In my experience as an Executive Coach, one of the most difficult challenges for leaders is always maintaining a positive perspective whilst dealing with the constant demands of their role. Leaders in an organisation are role models by virtue of their function. Employees watch them carefully and respond to the cues they perceive regarding appropriate behaviour. So, a positive persona is critical to engaging and inspiring employees. But we are all human, and maintaining a positive attitude through tough times can be challenging. This article provides some useful insights into how this can be achieved in practice.
Maintaining a positive perspective is commonly referred to as resilience. This is often referred to as ‘bounce-back ability’ or ‘being bullet-proof’. But these descriptions are more suited to the world of super-heroes. In the more real and practical world of business, resilience is more about:
- Being pragmatic versus eternally optimistic. By retaining the face of realism and removing over optimistic approaches the balance of judgement is much more realistic and attainable for all.
- Having a strong values Recognising if your core values are aligned with those of your organisation.
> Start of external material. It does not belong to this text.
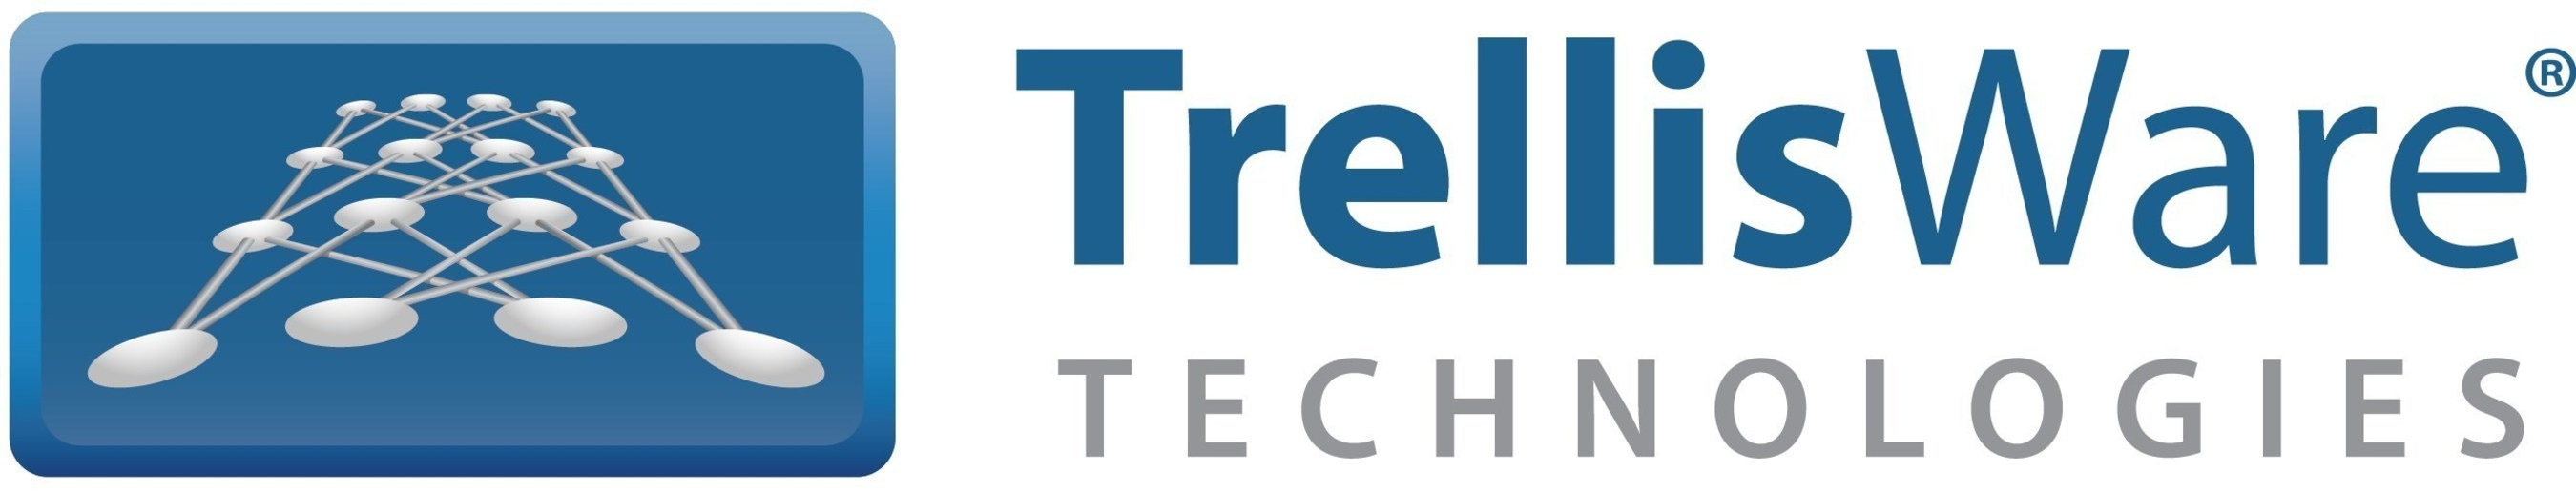 The TrellisWare' TSM-X Waveform Included in Next Generation USSOCOM Handheld Radio Program of Record Award
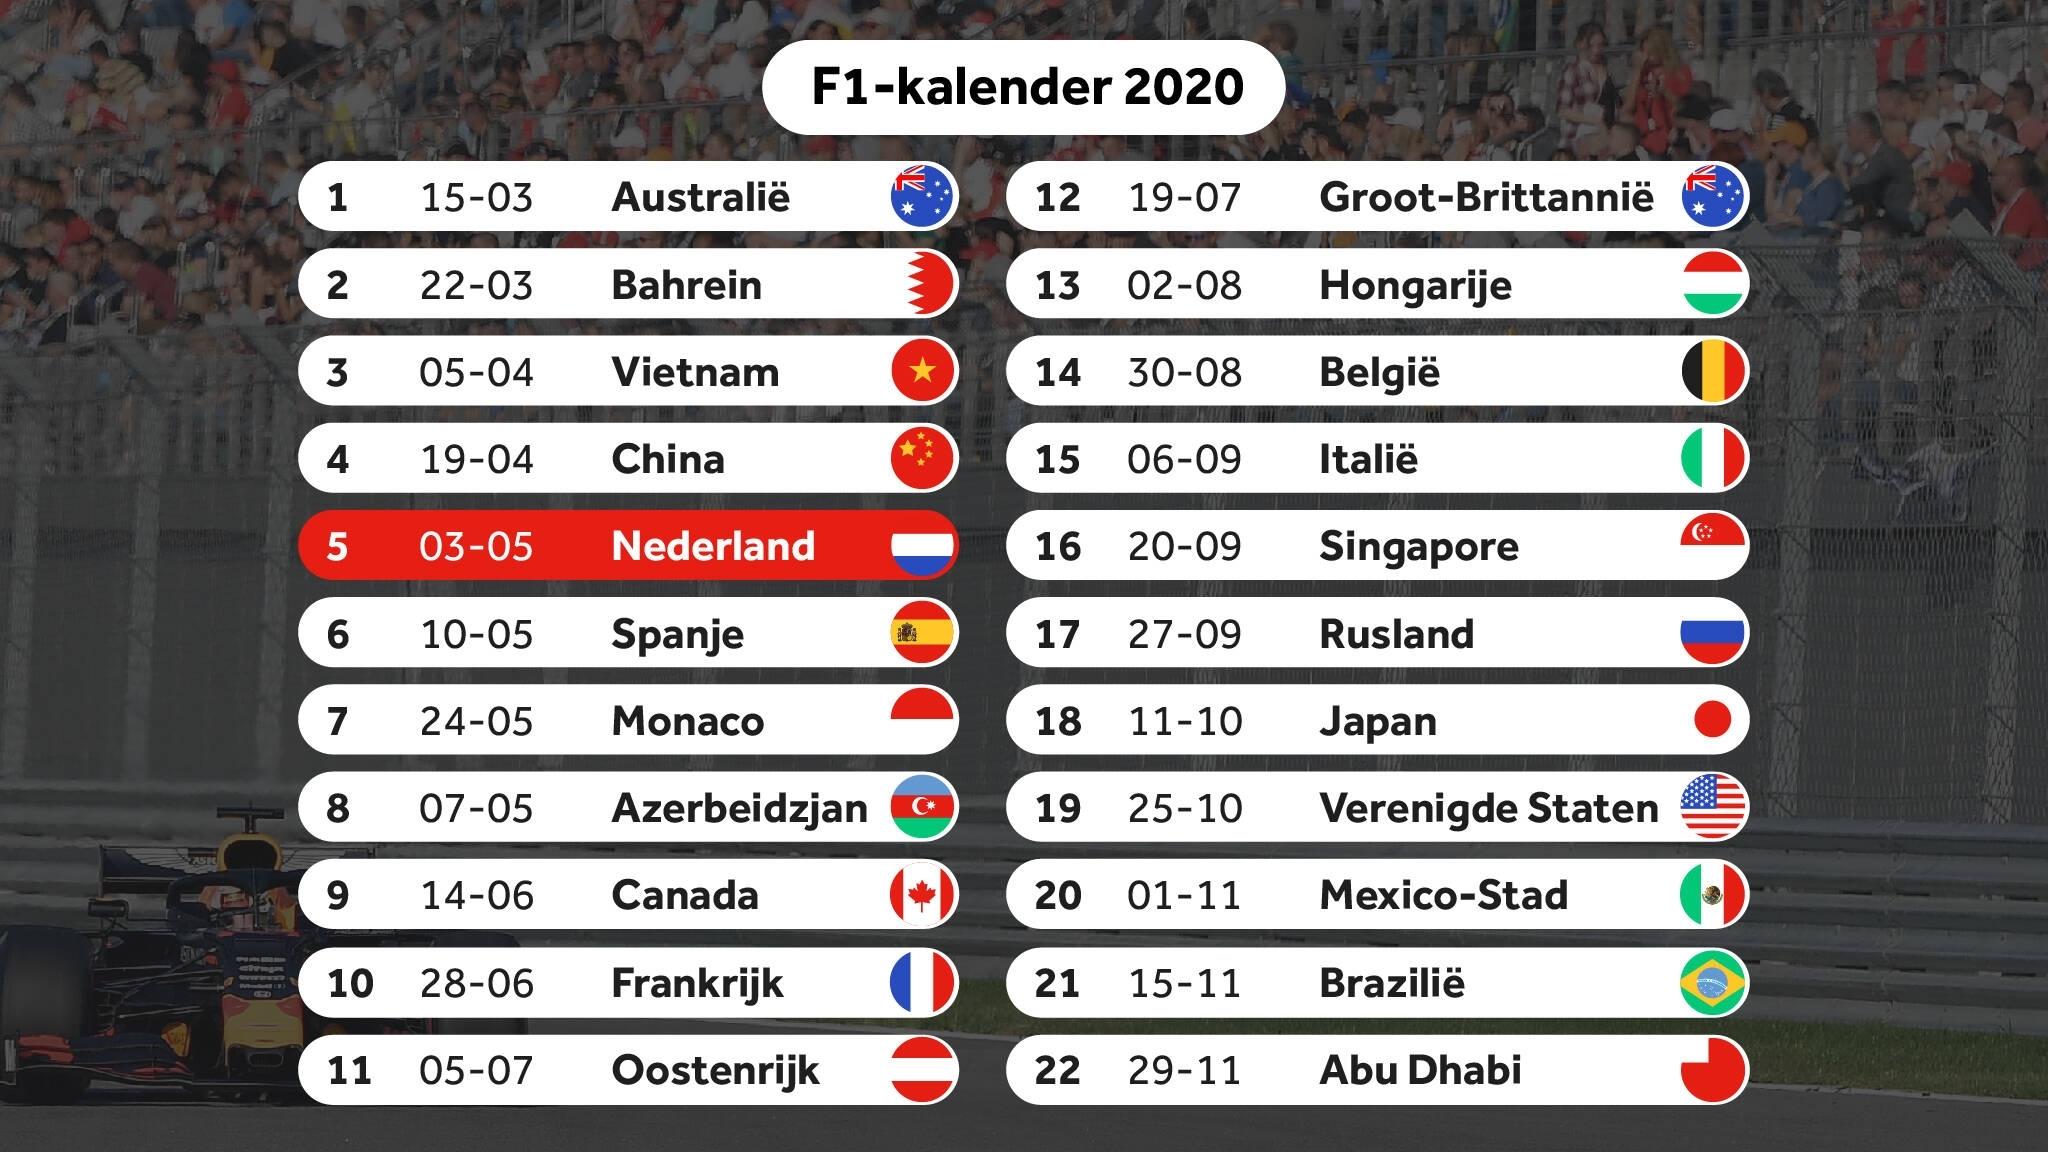 F1 Kalender 2020. Year 2020 Calendar. 2019-08-15

Values tend not to change, but decisions, people and direction will. After all it is the core values that draw people into a collective and from the most important decisions an organisation will make.
- Being good at improvisation. Having the ability to readily accept the changing situation and being agile and flexible to take a new and different approach.
- Being authentic and genuinely interested in others. In building trusted relationships with others it’s important that they see you are interested in them as individuals, not just as part of the organisation/team.
- Having the ability to remain vulnerable enough to feel for and with others. There is strength and connection the ability to be able to list, hear and be compassionate with others.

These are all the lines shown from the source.